Thread-based incident tracking
For outages lasting more than 5 minutes, create a Discord thread on the alert message to keep status updates out of the main channel. The main channel message becomes the incident summary; the thread contains the timeline of updates.
// Create a thread on the alert message when downtime exceeds 5 minutes
async function createIncidentThread(messageId, serverName) {
const resp = await fetch(
`https://discord.com/api/v10/channels/${CHANNEL_ID}/messages/${messageId}/threads`,
{
method: 'POST',
headers: {
'Content-Type': 'application/json',
'Authorization': `Bot ${DISCORD_BOT_TOKEN}`, // requires bot, not just webhook
},
body: JSON.stringify({
name: `Incident: ${serverName} — ${new Date().toISOString().slice(0, 10)}`,
auto_archive_duration: 1440, // archive after 24h of inactivity
}),
}
);
return (await resp.json()).id; // thread channel ID
}
async function postThreadUpdate(threadId, message) {
await fetch(`https://discord.com/api/v10/channels/${threadId}/messages`, {
method: 'POST',
headers: {
'Content-Type': 'application/json',
'Authorization': `Bot ${DISCORD_BOT_TOKEN}`,
},
body: JSON.stringify({ content: message }),
});
}
Thread creation requires a Discord bot token (not just a webhook URL) because webhooks cannot create threads via the webhook API directly. If you prefer not to create a bot, post thread updates as regular messages in a dedicated #incident-log channel and reference the alert message with a message link.

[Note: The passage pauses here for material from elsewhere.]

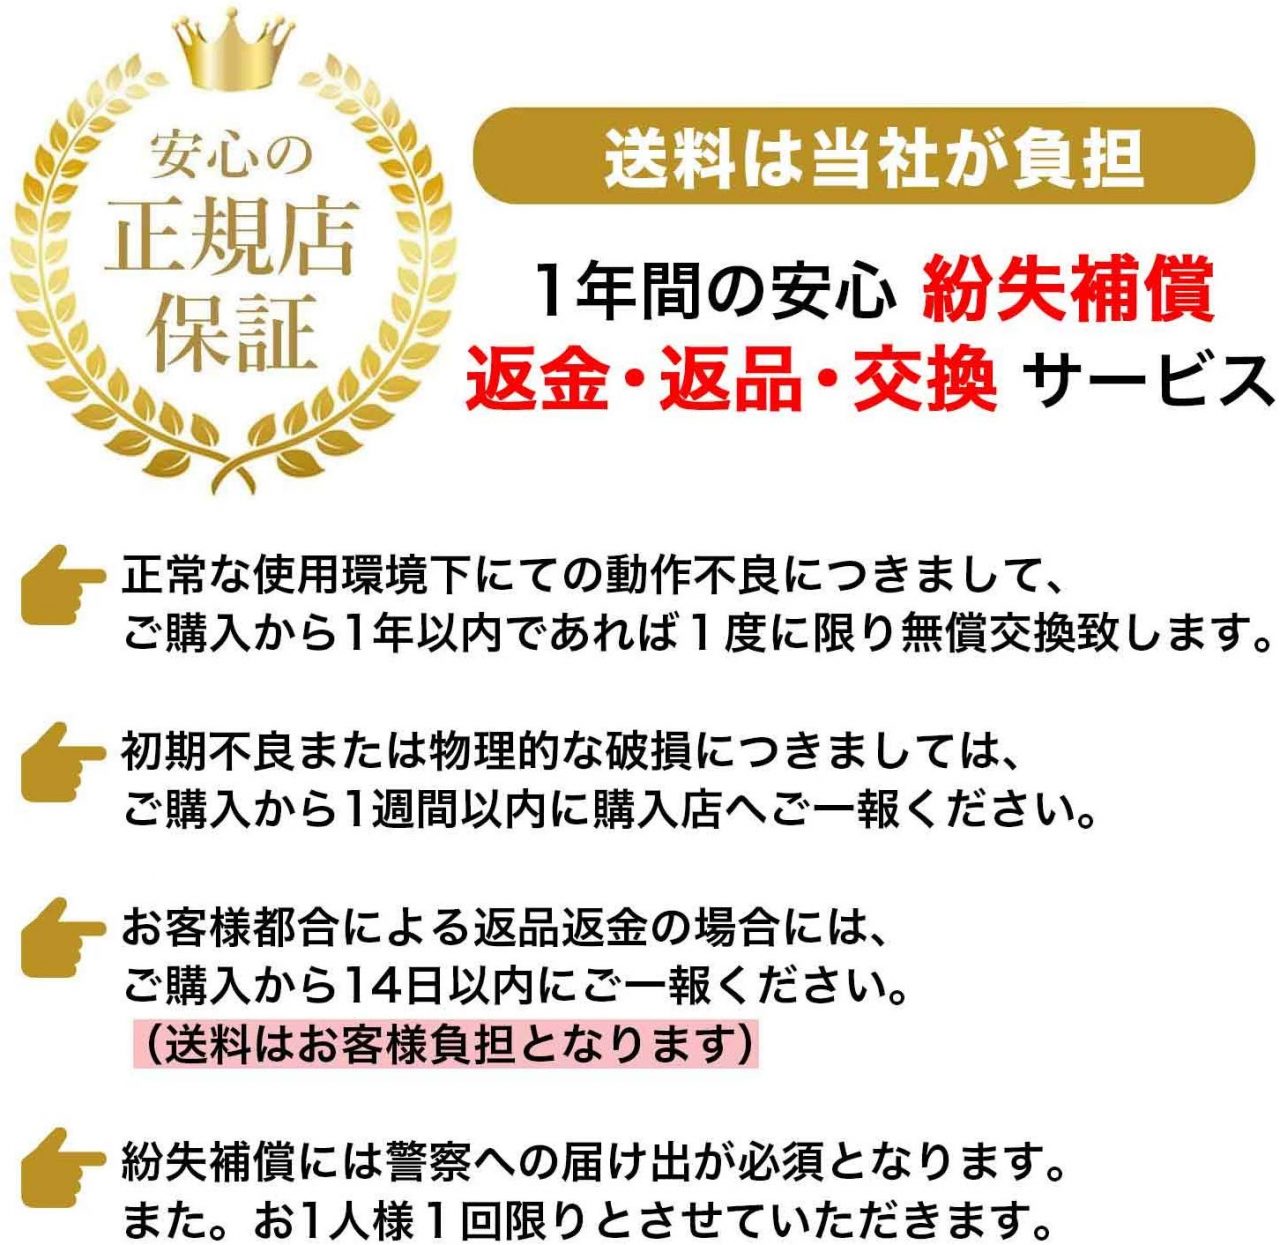 『ポケモンGO』用自動化ツール「ポケットオートキャッチ2」がAmazonでクーポン2,000円割引！
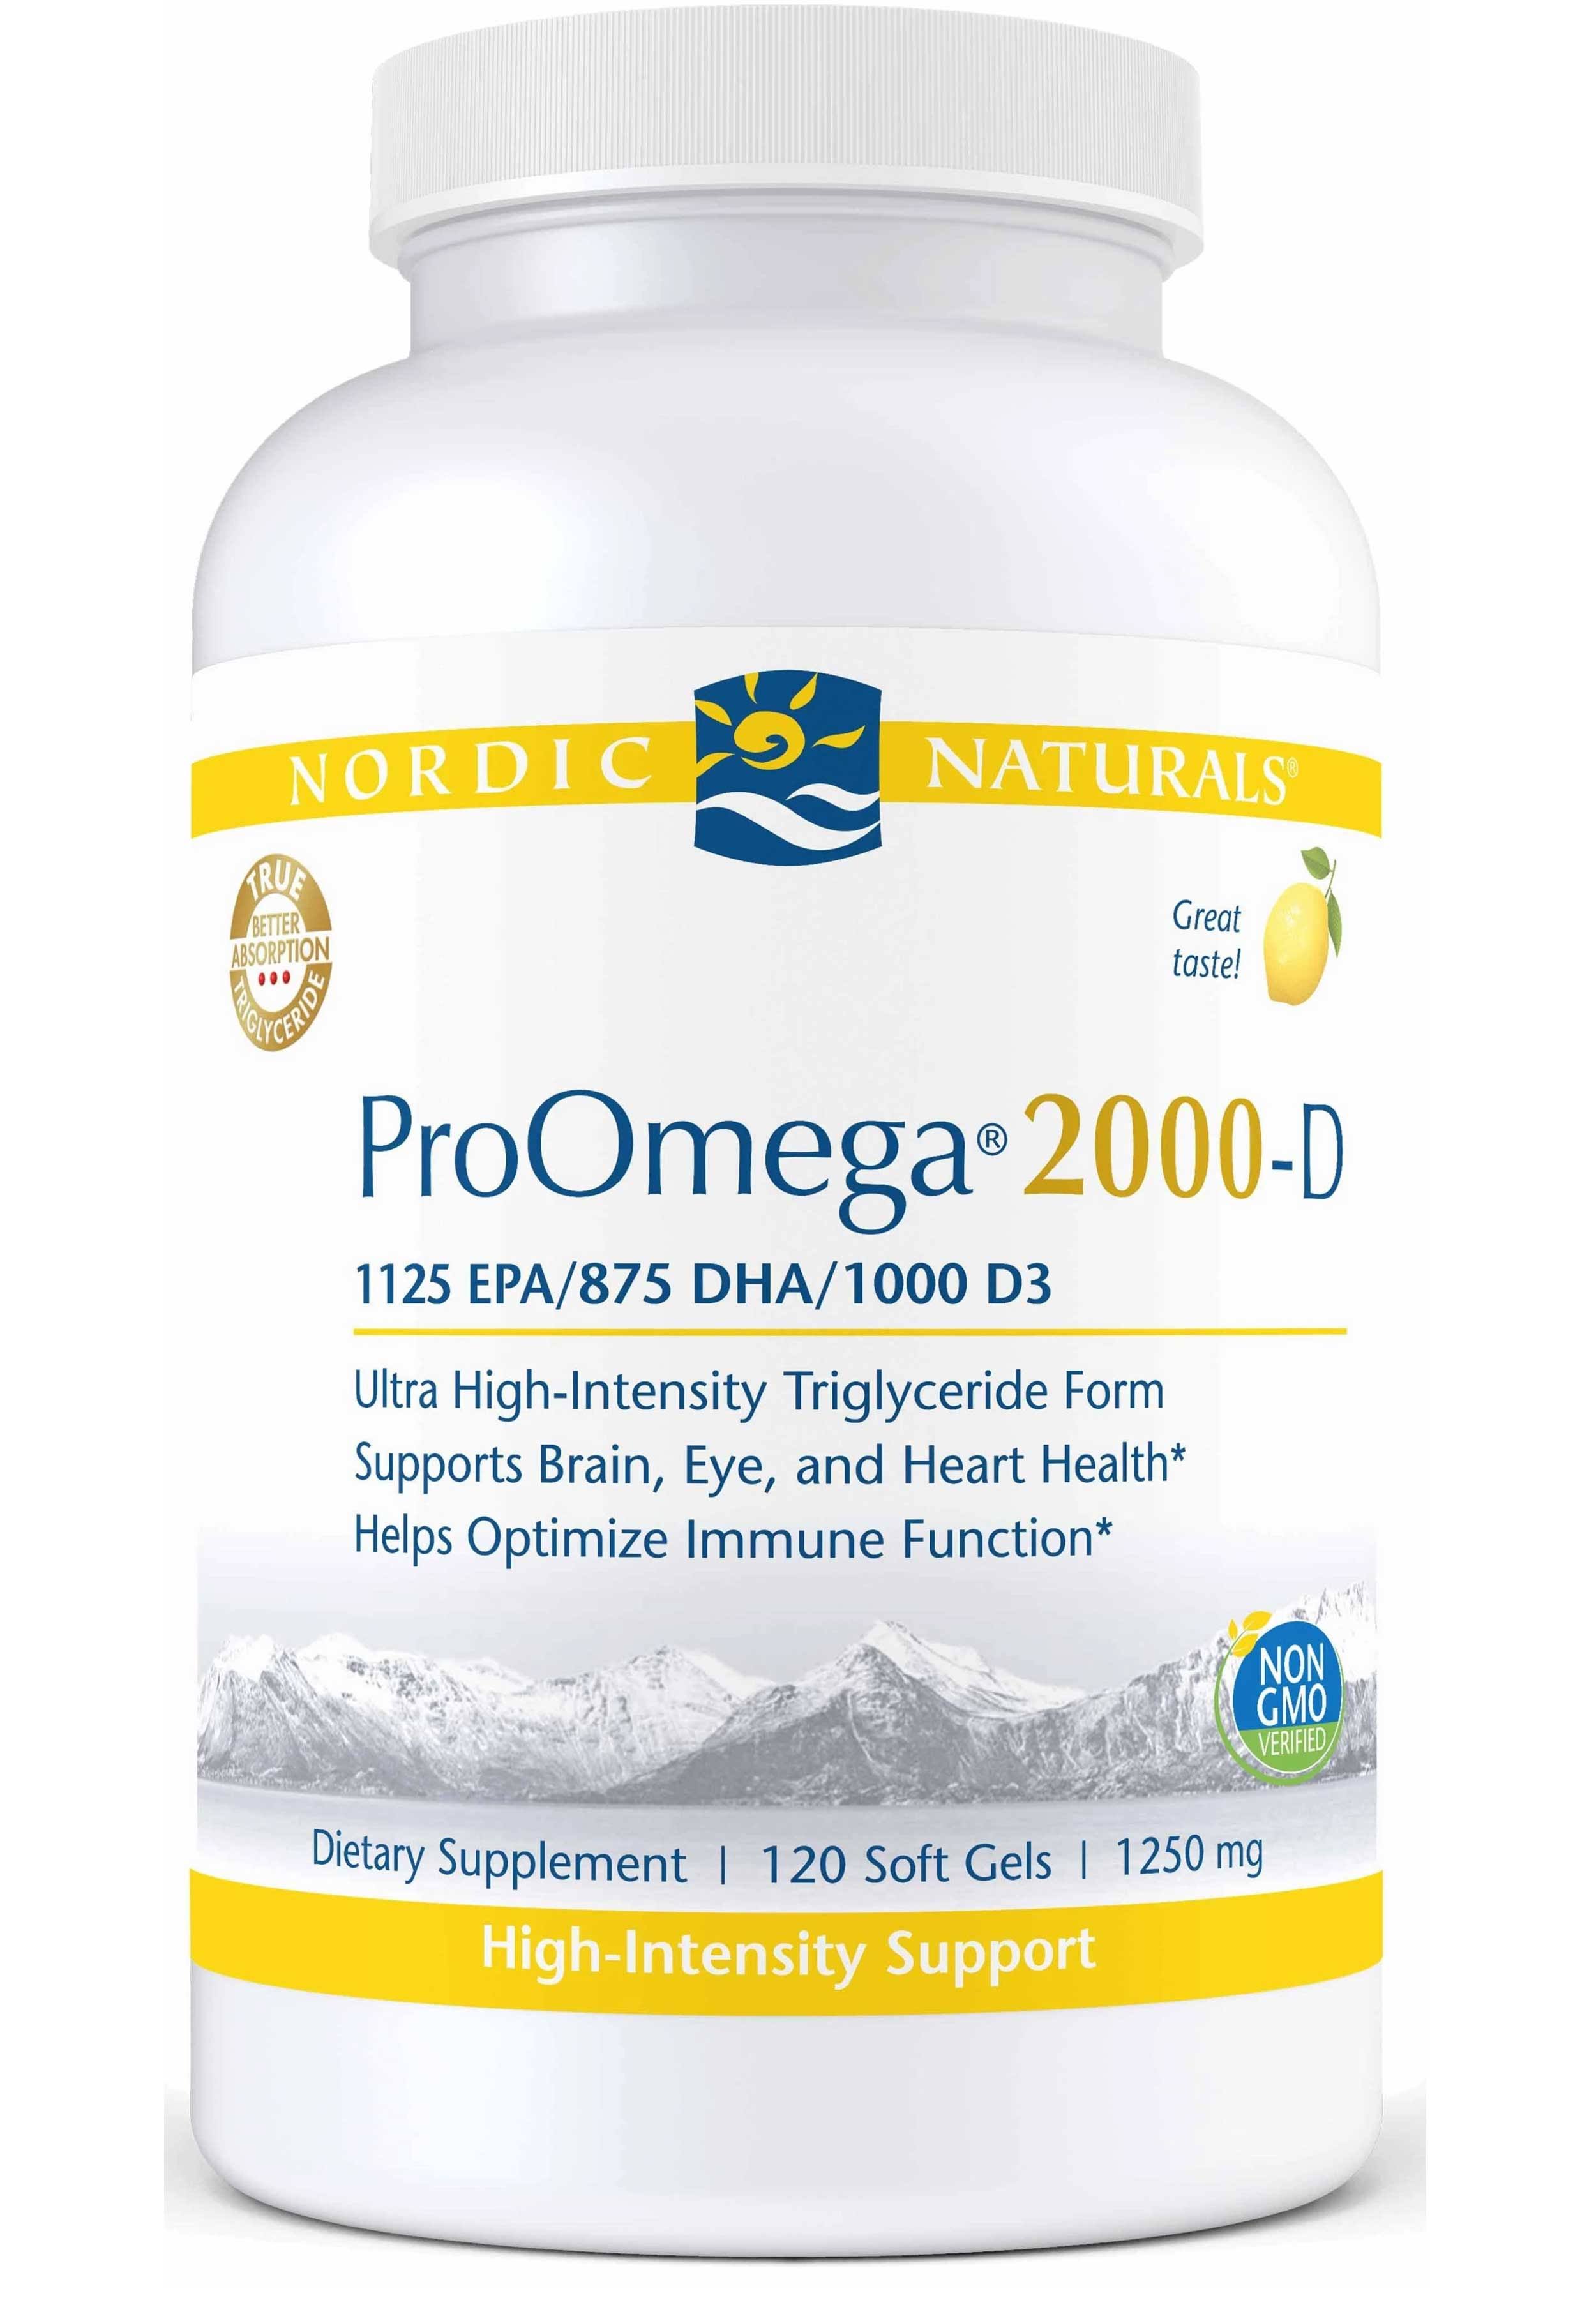 Nordic Naturals ProOmega 2000-D Supplement - 1125 mg, 12 Soft Gels

Role setup for MCP server on-call
Create a Discord role named @mcp-oncall and assign it to yourself and any team members who should be paged for MCP server incidents. In Discord's notification settings for the server, set this role to always notify (bypass user's notification settings for server-level). On mobile, add the Discord server to your notification exceptions so role pings wake you up even when the phone is on DND — but note this is less reliable than PagerDuty's guaranteed phone call.

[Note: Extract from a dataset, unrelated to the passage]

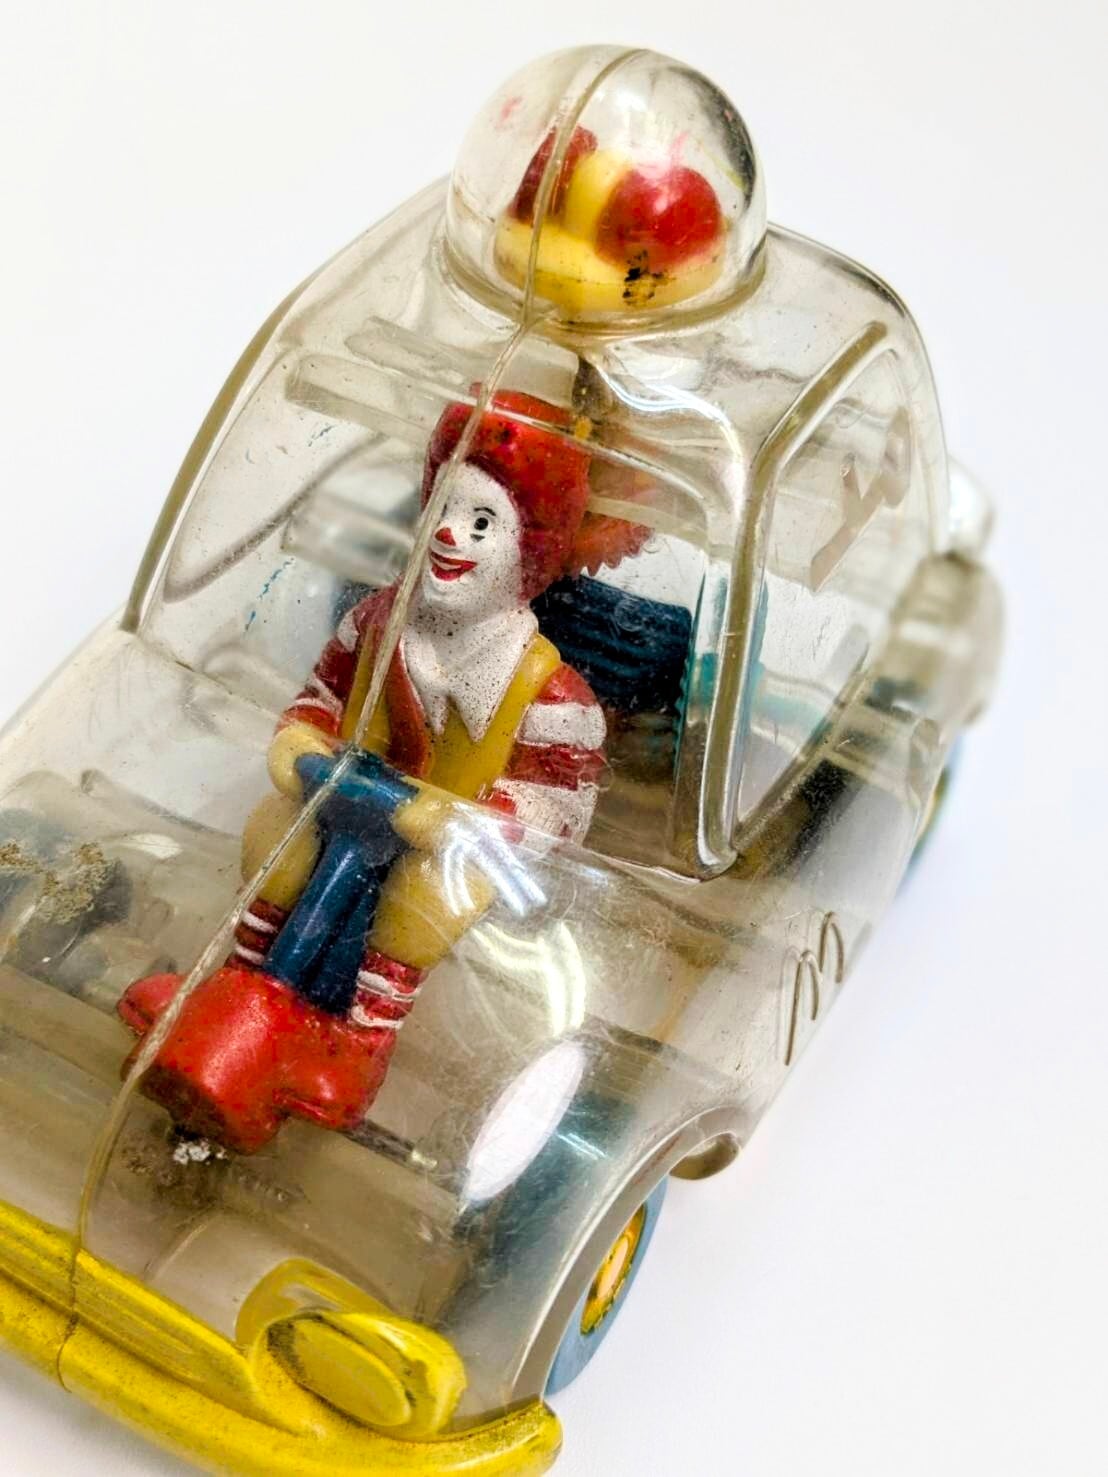 【マクドナルド ハッピーミール  透明ライダー  1996年製 ドナルド・マクドナルド McDonald's / 1996 X-Ray Riders Meal Toy "Ronald McDonald"】〘VINTAGE ビンテージ〙 〚アメリカン雑貨 アメトイ〛

For a team with rotation, manually update the @mcp-oncall role membership at the start of each shift. If your team uses Google Calendar for on-call rotation, you can automate role membership updates with a small script that reads the calendar event and calls the Discord API to add/remove the role.
Layering Discord with PagerDuty
The most robust MCP server alerting setup combines Discord for visibility with PagerDuty for guaranteed escalation. The pattern:
- AliveMCP fires the webhook to your bridge.
- Your bridge simultaneously posts to Discord (for team awareness and community communication) AND calls PagerDuty Events API (for guaranteed on-call notification).
- The on-call person acknowledges in PagerDuty (which stops the escalation) and posts a status update in the Discord incident thread (which keeps the community informed).
- When the server recovers, AliveMCP sends
alert.resolved, your bridge updates both the Discord message (green embed) and resolves the PagerDuty incident.
This pattern is standard practice for teams that have community MCP servers: Discord for the public-facing status thread, PagerDuty for the private on-call page. The Discord thread also serves as the public incident timeline if users ask "what happened?"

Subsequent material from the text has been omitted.